Моя мама умерла от рака 4 года назад. Я уже в порядке, насколько это возможно, и на свой страх и риск готова опубликовать заметку, написанную из больницы, когда она умирала. Надеюсь, это поддержит тех, кто переживает подобное.

“Сегодня один из самых черных дней и ночей моей жизни. Знание о том, что он наступит, делало все предыдущие дни в черную крапинку. Я знаю, что мои друзья замечали эти крапинки, но не все знали, с чем они связаны. К сожалению, не с чем-то простым, о чем всегда переживают девочки.

Каждый день я просыпалась и вспоминала, что это не сон, и я действительно кручусь по большой орбите несчастья, настоящего несчастья, которое невозможно заглушить, недооценить или забыть.

Возможность грустить о горько-сладких чувствах, которые девушки часто испытывают по отношению к своей жизни, напротив, разбавляла мое несчастье.

Я в самой страшной в мире больнице, страшной для меня, потому что я сижу в грязной и убогой палате рядом с моей любимой умирающей мамой. Кажется, что у меня уже нет больше слез, которые я могла бы выплеснуть. Раньше, вместе со слезами понемногу выходило несчастье, а сейчас оно черной пропастью болит у меня в груди. В этой пропасти есть еще такие мерзости, как жалость к себе, отвратительный, дикий страх, бесконечное чувство вины, и они делают пропасть шире и шире.

Меньше года прошло с тех пор, как у моей мамы была активная и интересная жизнь: поездки за границу, любимый муж, младше нее на 20 лет, причем глядя на них, нельзя было это определить наверняка, свой бизнес, постоянные вылазки на природу, шашлыки, парки, рыбалки. И вот, спустя 9 месяцев, я вижу перед собой сморщенную, высохшую, желтую, лысую старушку, которая смотрит на мое лицо отрешенным взглядом, который постоянно затуманен слезами.

Все эти 8 месяцев ада с тех пор, как у нее нашли самую плохую, самую быстроразвивающуюся и самую смертельную форму рака, я верила. Старалась меньше думать об этом, мало говорила и всячески ограждала себя от этой своей внутренней пропасти. Я звонила каждый день и каждый день боялась, что она не возьмет трубку. Но когда слышала ее голос,  сразу верила.

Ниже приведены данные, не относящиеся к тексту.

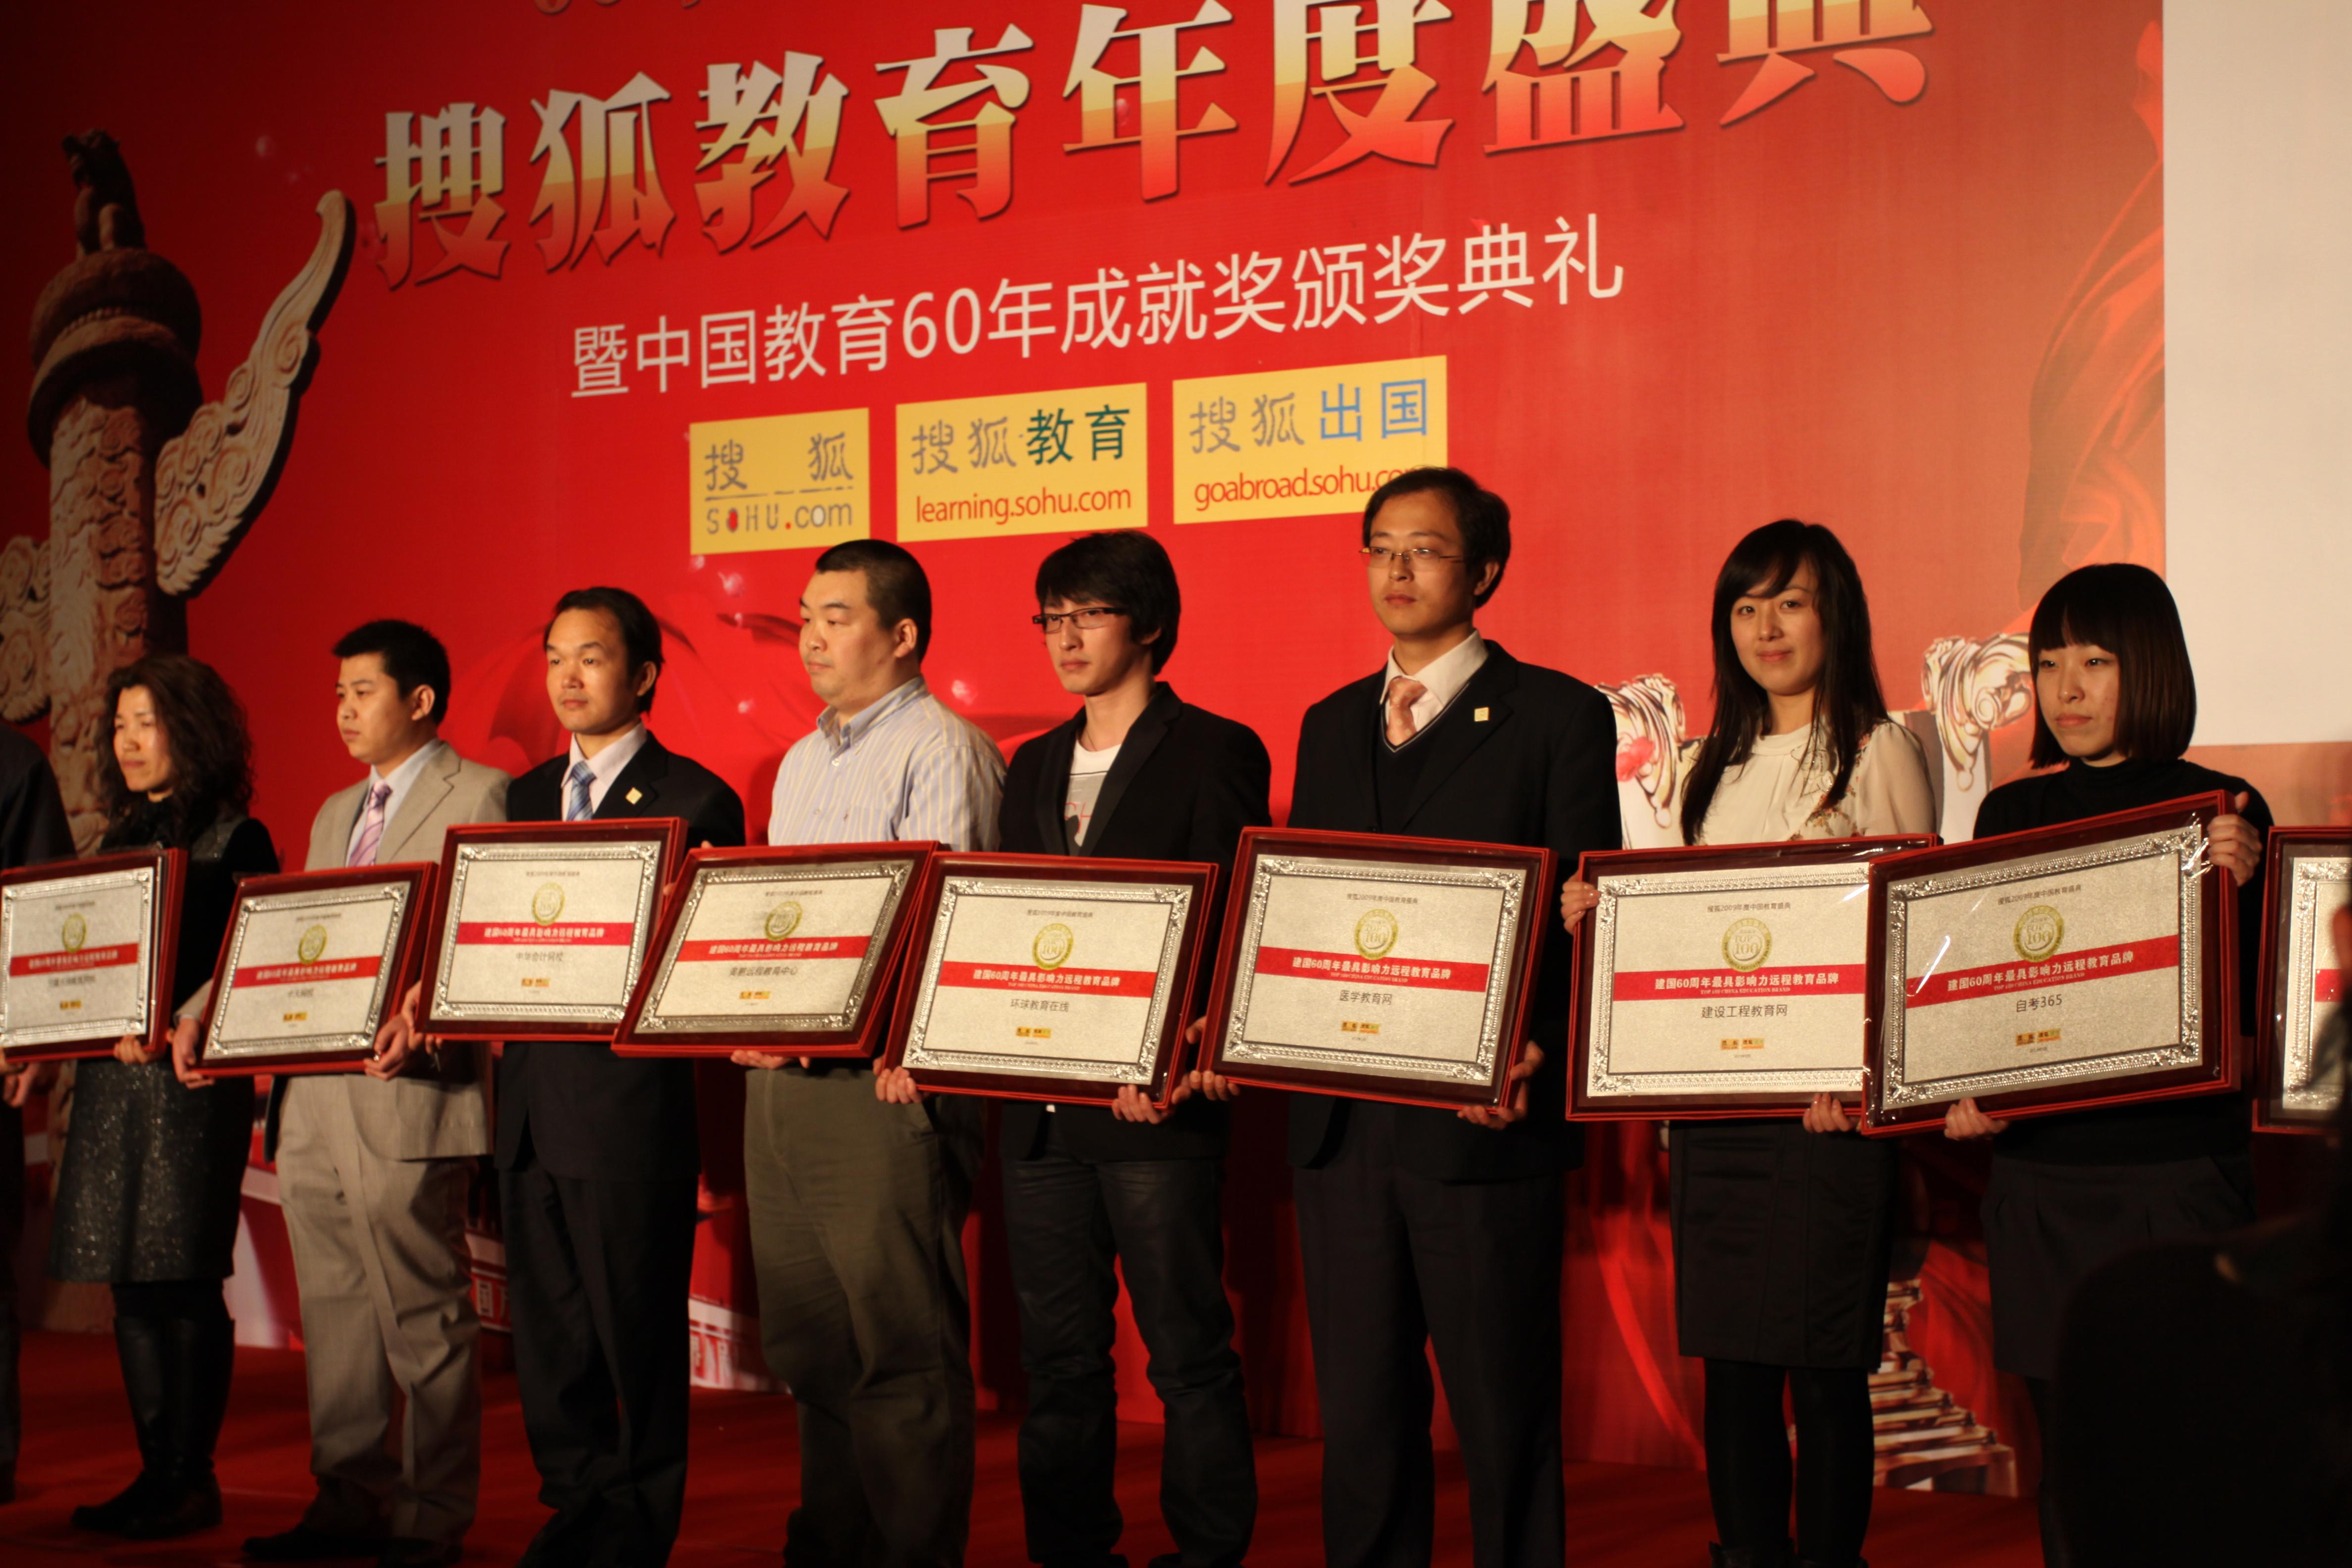 """""""搜狐2009教育年度盛典""""颁奖典礼现场"""

Я ходила в церковь, хотя это вообще не мое, все эти придуманные людьми атрибуты, которые помогают им общаться с Вселенной. Я даже узнала мнение гадалки, но не поверила ей, когда она сказала, что мама обречена. Я верила только маминому голосу и своему нежеланию принимать это. Но три дня назад я позвонила ей и поняла, что всё. У нее кровотечение в желудке и ее увезли на скорой помощи в городскую больницу. Сейчас она жива, но теперь я ясно осознала, что это всё.

 Осознала, но не приняла.

Я страшно боялась к ней ехать, потому что не хотела запоминать ее такой и знала, что просто не переживу этого. 3 дня я каждую секунду ждала звонка от врача, и меня пронзал холодный пот всякий раз, как звонил телефон. Понимая, что надо ехать, я не могла. И от этого ненавидела себя и свою трусость.

Я придумала миллион уважительных причин, почему мне не надо ехать (на самом деле не существует ни одной уважительной причины не ехать к умирающей матери). Сегодня утром я до такой степени погрязла в своем страхе и отвращении к себе, что не могла позвонить утром ей, как обычно. Четыре часа я уговаривала себя сделать это.

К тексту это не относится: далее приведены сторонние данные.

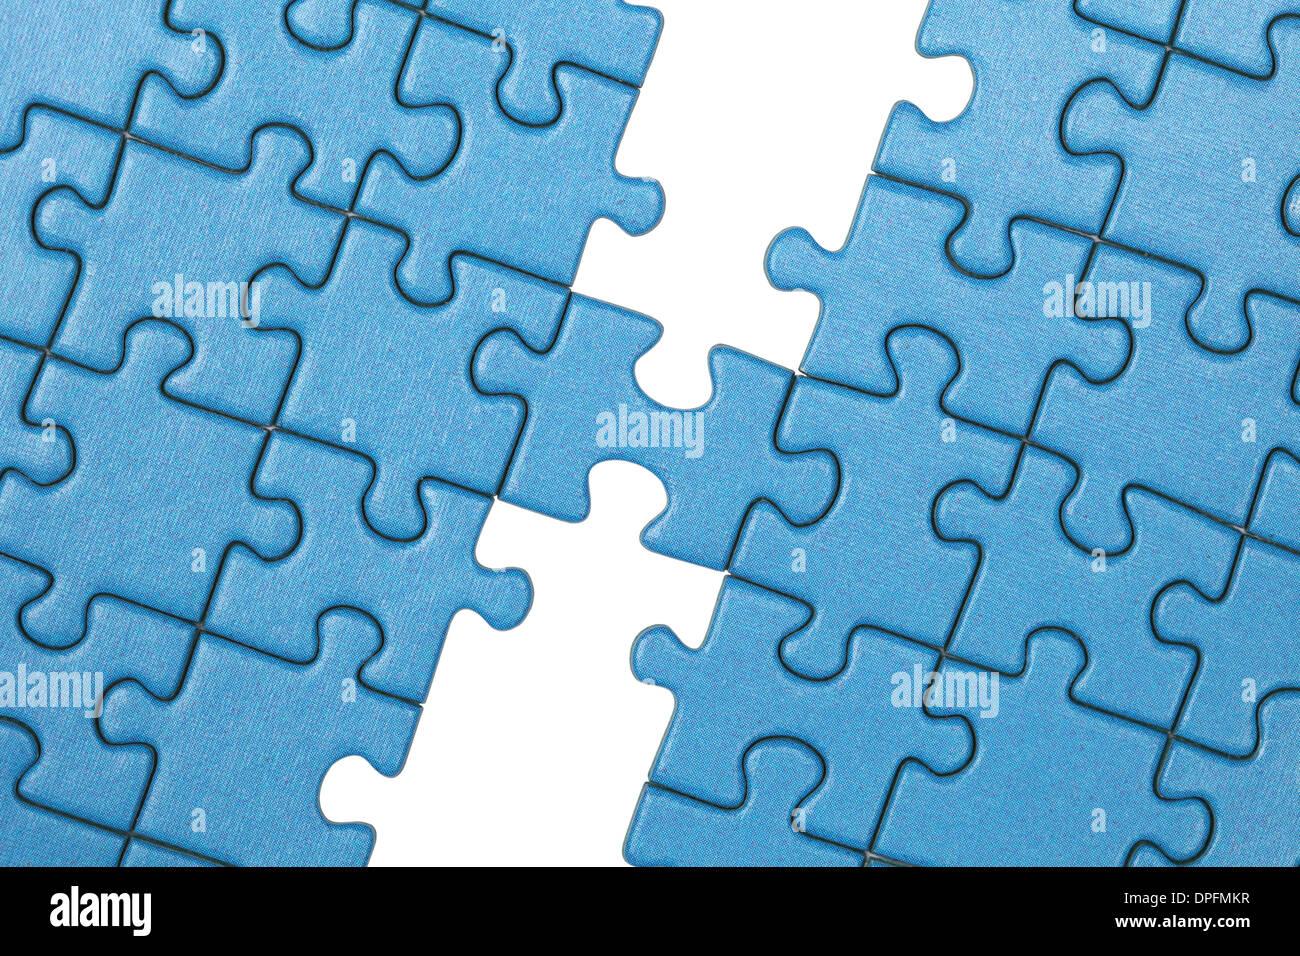 Image symbolique montrant la liaison entre deux pièces à l'aide d'un puzzle Photo Stock

Когда она взяла трубку, но могла лишь стонать в нее, изредка говоря: “Прости”, меня вдруг осенило, что если она умрет, а я буду на “дико важной встрече”, я никогда этого не смогу себе простить. В общем, я поплакала, купила 73 символа жизни и солнца – подсолнуха (за каждый год жизни всех ее детей и внуков), и помчалась в больницу.

Добралась я туда ночью. Вы бы знали, какой это огромный букет — из 73 подсолнухов! Меня пропустили в палату, хотя больница была закрыта, вместе с подсолнухами. Мама заплакала, глядя на них и я уже не знаю, правильно ли я сделала, купив их.

Ночью в больнице холодно, невероятно тихо и бесконечно горько. Секунды тянутся невозможно долго. Вроде я сижу тут уже вечность, в своей тоске, а еще только 5 утра и надо дожить до рассвета. Я слушаю мамино дыхание и очень пугаюсь, когда оно затихает.

Мне было так страшно в какой-то момент, что я решила представить, что рядом со мной сейчас мысленно мои друзья. Я зашла на фейсбук и скачала фотки, где они улыбаются во весь рот. Потом лайкнула и посмотрела пост с аниме про встречи, позволяющие двигаться дальше (слава 3G, который каким-то чудом ловит в больнице!). Мне стало легче, а время до утра существенно сократилось. И чтобы сократить его еще скорее, я решила написать все вот это.

Сейчас 5.45 и я попробую уснуть, сидя на стуле.

Спасибо, что были со мной в эту ночь, друзья.”

Что чувствуешь, когда умирает мама

Читайте также:  Тяжелое состояние при обширном инфаркте

История о том, как моя мама познакомилась с отчимом — он был с ней до конца.

Подписывайтесь на мой блог в инстаграм.

Если вы дочитали, пожалуйста, поставьте лайк статье, это очень поможет автору.

Источник

В конце сентября 2019 года в Златоусте от инфаркта умерла 26-летняя мать троих детей Светлана Сергеева. Родственники девушки уверены, что она была убита, но полиция посчитала труп некриминальным, потому не стала заводить уголовное дело. На похоронах присутствующие могли разглядеть на теле покойной синяки, кровоподтеки, замаскировать которые не помог даже грим. В “Прямом эфире” расследование: действительно ли девушка умерла от инфаркта или это было убийство.

Близкие Светланы Сергеевой уверяют, что она никогда не жаловалась на сердце. В настоящее время в Златоусте жители разделились на два лагеря. Одни считают, что причиной смерти девушки действительно стал инфаркт, другие полагают, что к этому причастен муж покойной Дмитрий. Основным доводом становится то, что из квартиры, где проживала семья, часто слышались звуки ссор и скандалов.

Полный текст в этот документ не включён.